As editor, Daniels quickly developed a reputation for himself and his newspaper as voices of white southern liberalism. Like other white southern liberals of his generation, he remained committed to segregation, a position that would begin to change only during World War II. What made him and his contemporaries "liberals" on race in the prewar era was a desire to see more justice and opportunity for blacks within the segregated system. Whereas various southern radicals, including socialists and communists, worked to unite blacks and whites in a class-based struggle, liberals were reluctant to challenge — and in many instances shared — fellow white southerners' taboos against "social equality." They opposed lynching but were not universally in favor of federal anti-lynching legislation, and they advocated reform in areas such as education, employment, and the quality of racial justice meted out in southern courts.18 In Daniels' case, as in many others, racial liberalism was part of a broader inclination toward economic and cultural "progress" in the South and especially freedom of speech and thought.
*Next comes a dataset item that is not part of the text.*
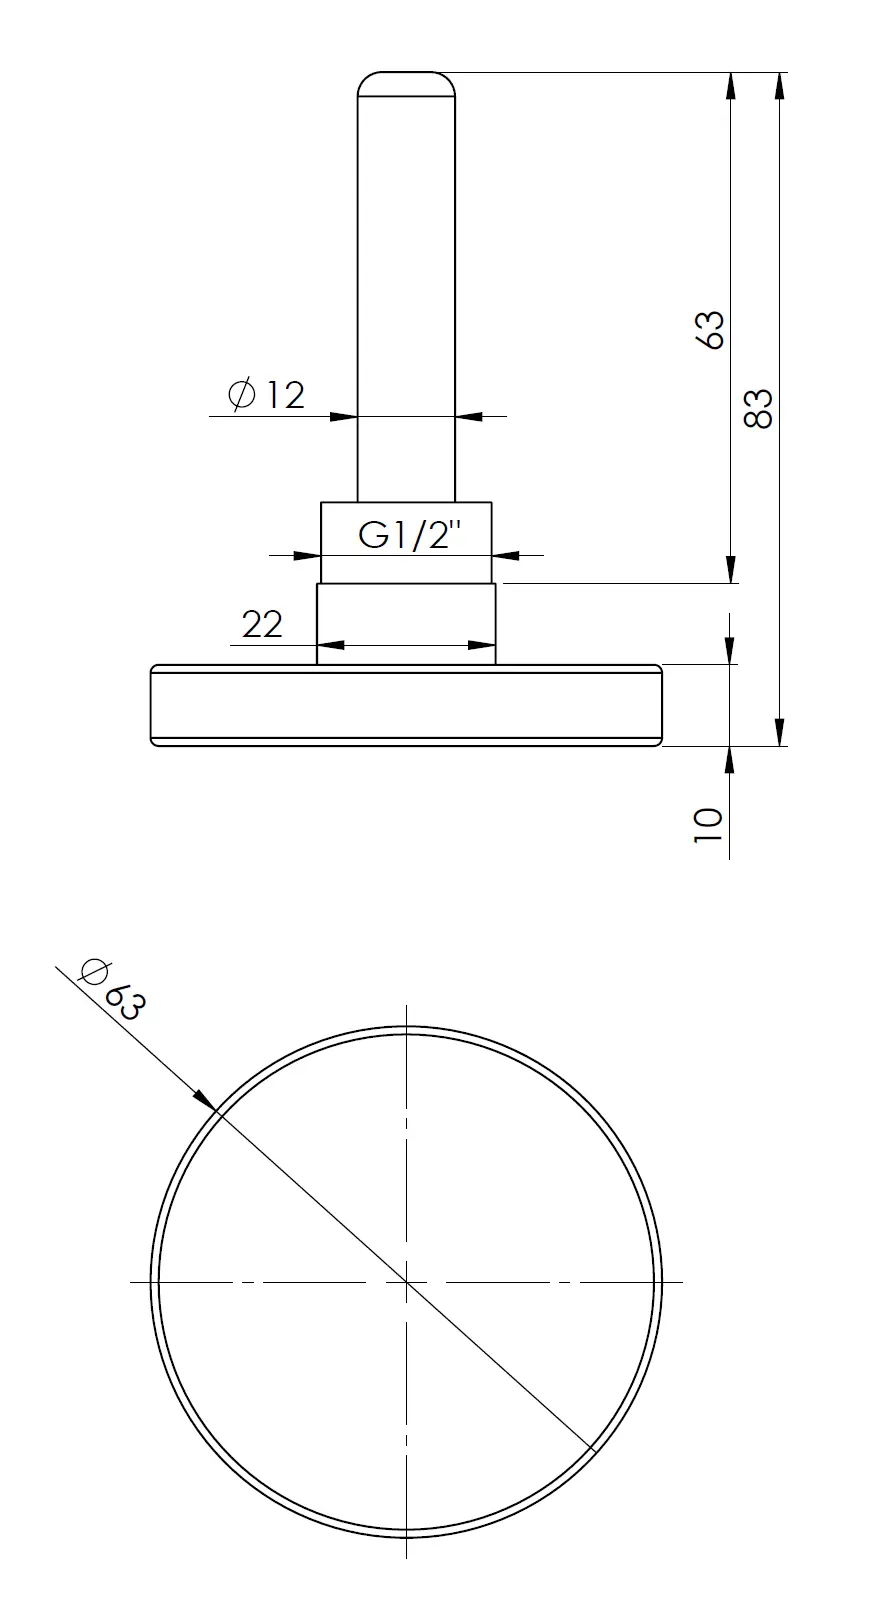 Termometr bimetaliczny BiTh 63, fi63 mm, -20÷60°C, L 63 mm, G1/2", ax, kl. 2 - budowa

His focus on race issues intensified over time because whites' efforts to keep blacks down had done so much to keep the South down as well. The South, in turn, was "the Nation's No. 1 economic problem," requiring attention from the federal government and placing a premium on advice from pro-New Deal southern experts — the same politically connected white male liberals who formed the Southern Policy Committee and wrote the NEC Report on Economic Conditions of the South. Recent scholars are correct in seeing the most fertile "seeds of southern change" and particularly the origins of the long civil rights movement in a black-left-labor coalition rather than among white southern liberals.19 Nevertheless, the liberals' political influence in the New Deal era mattered, reshaping the relationship between the South and the nation by the early 1940s.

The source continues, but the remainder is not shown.